Remove references to IPv6
$ grep -v "dns.exe\|v6" netscan.txt
We identify the following connections from local processes to remote hosts;
0x20fc7590 TCPv4 10.42.85.10:62613 18.104.22.168:443 ESTABLISHED 3644 coreupdater.exe
0x60182590 TCPv4 10.42.85.10:62613 22.214.171.124:443 ESTABLISHED 3644 coreupdater.exe
$ whois 126.96.36.199
% Whois data copyright terms http://www.apnic.net/db/dbcopyright.html
% Information related to '188.8.131.52 - 184.108.40.206'
% Abuse contact for '220.127.116.11 - 18.104.22.168' is '[email protected]'
inetnum: 22.214.171.124 - 126.96.36.199
descr: Netway Communication Co.,Ltd.
descr: 72 4th Floor, Telecom Tower, Charoen Krung Road,
descr: Bangrak, Bangkok 10500,Thailand
descr: Tel (662) 639-7700 Fax: (662) 639-7706
status: ALLOCATED PORTABLE
(We can check this IP against our captured PCAP shortly).
Q 2. What’s the Operating System of the Desktop?
For this we'll use Magnet Forensics' AXIOM. We've already created a case and ingested our E01, memory dumps, and PCAP files. For information on how to create a case and add data plesae see Magnet CTF Week 0.

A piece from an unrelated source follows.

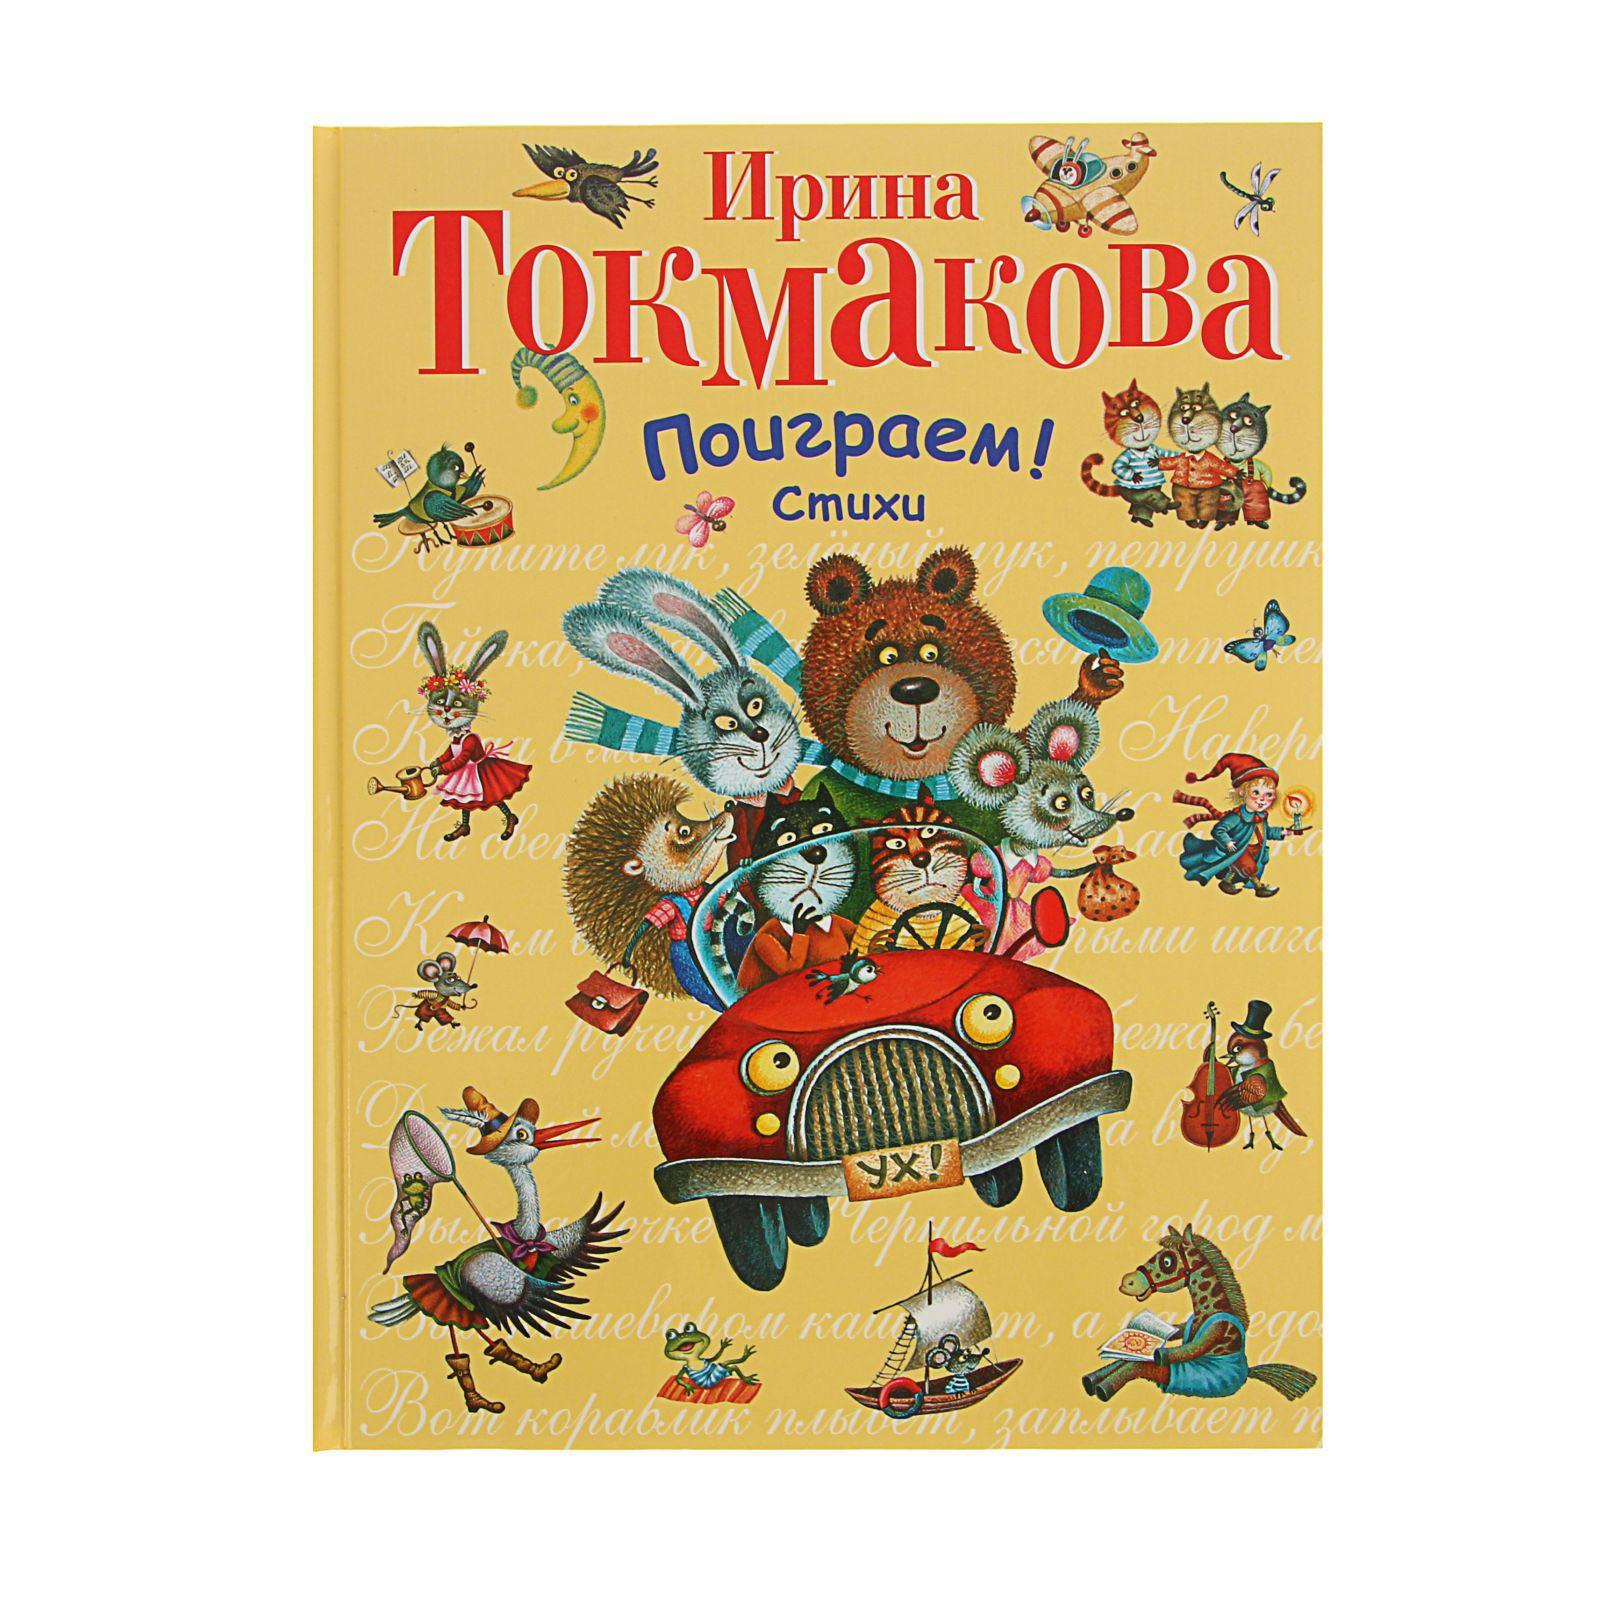 картинки героев книг токмаковой зона сочи очень

As you can see, AXIOM makes light work of processing images and presenting information in a single pane of glass. On the left hand side under 'Operating System', select 'Operating System Information'. Clearly this has been identified as Windows 10 Enterprise, build 19041. On the right hand side we have a tonne of information which has been extracted from the registry and parsed. If required, we could export a copy of both the SYSTEM and SOFTWARE registry hives to verify and validate the information being presented, however that is outside the scope of this guide.
Q 3. What was the local time of the Server?

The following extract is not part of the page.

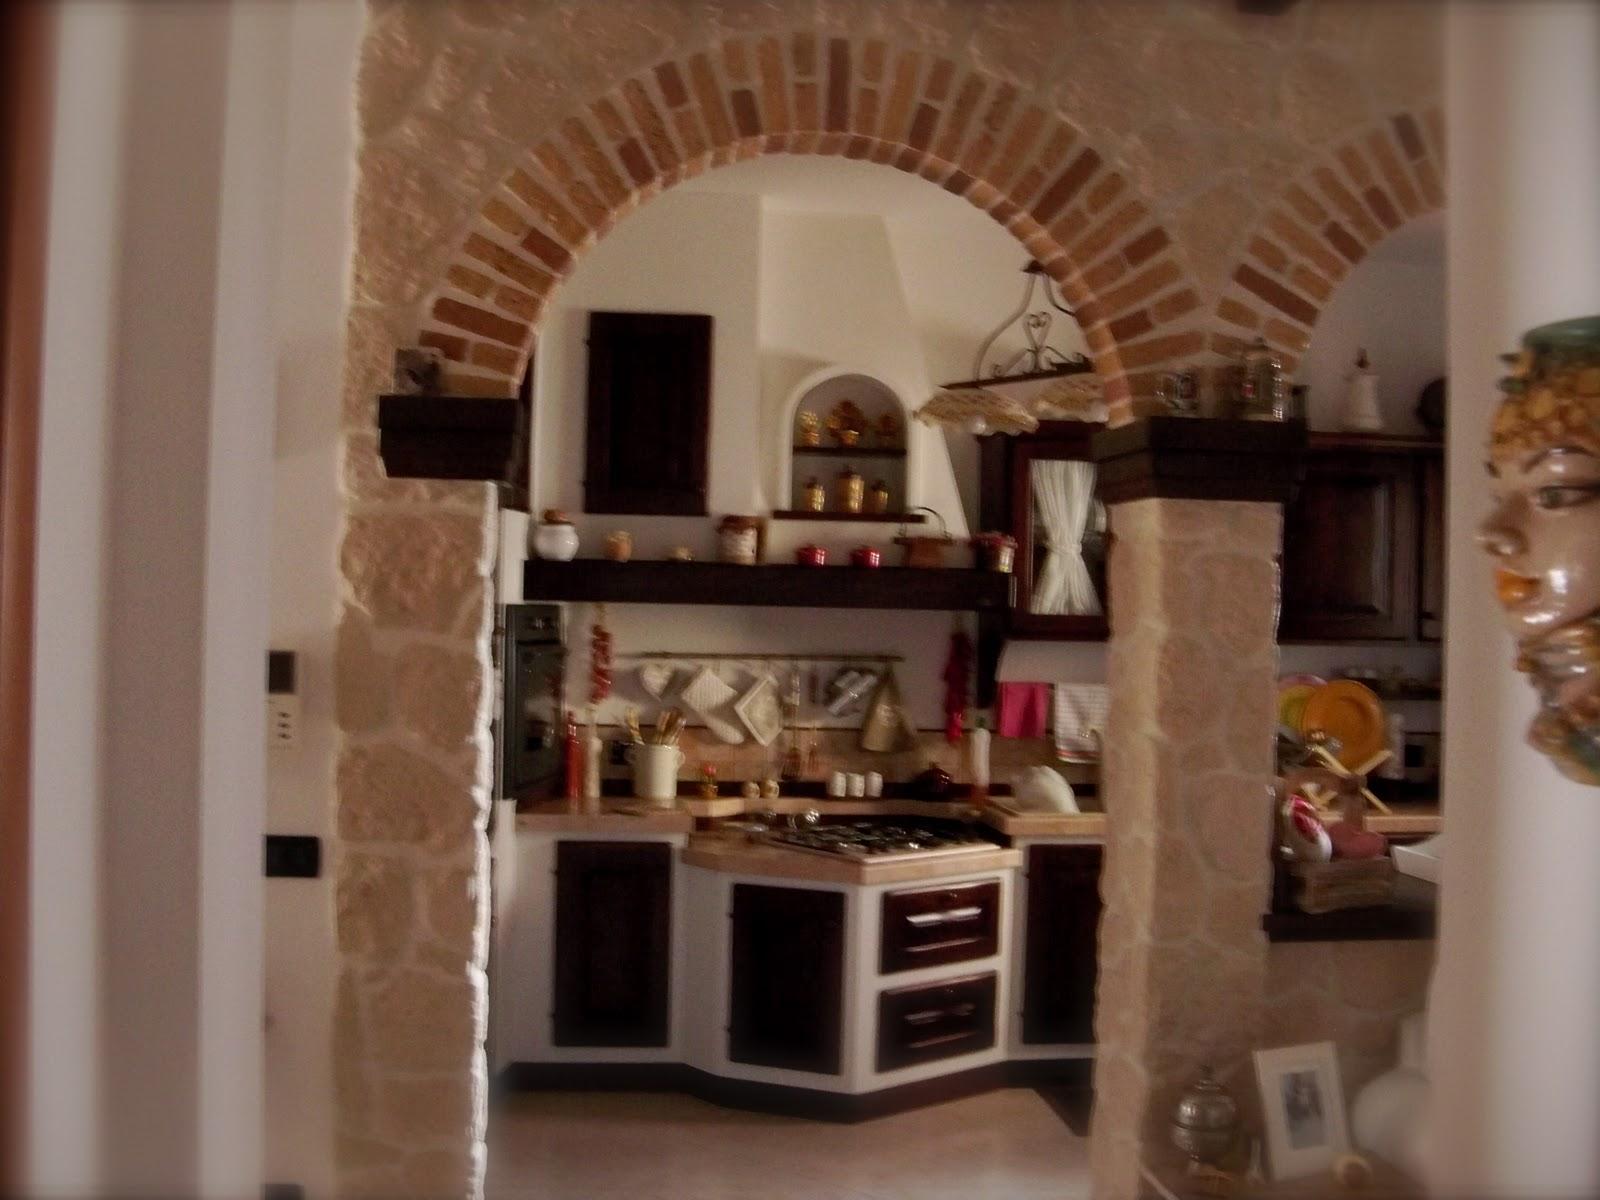 Stile francese provenzale cucine rustiche economiche - Cucine stile francese ...

This question itself is a bit ambiguous. Time at the point of the breach? Of the acquisition? At shutdown? For this, we'll look at local time zone information and also the last modified file on the file system (lastalive0.dat).
Back to artefacts. Bottom left hand corner, we can see Timezone Information.
We can see a wealth of information regarding AXIOM's data source. This shows the timezone was UTC -8:00 Pacific Time.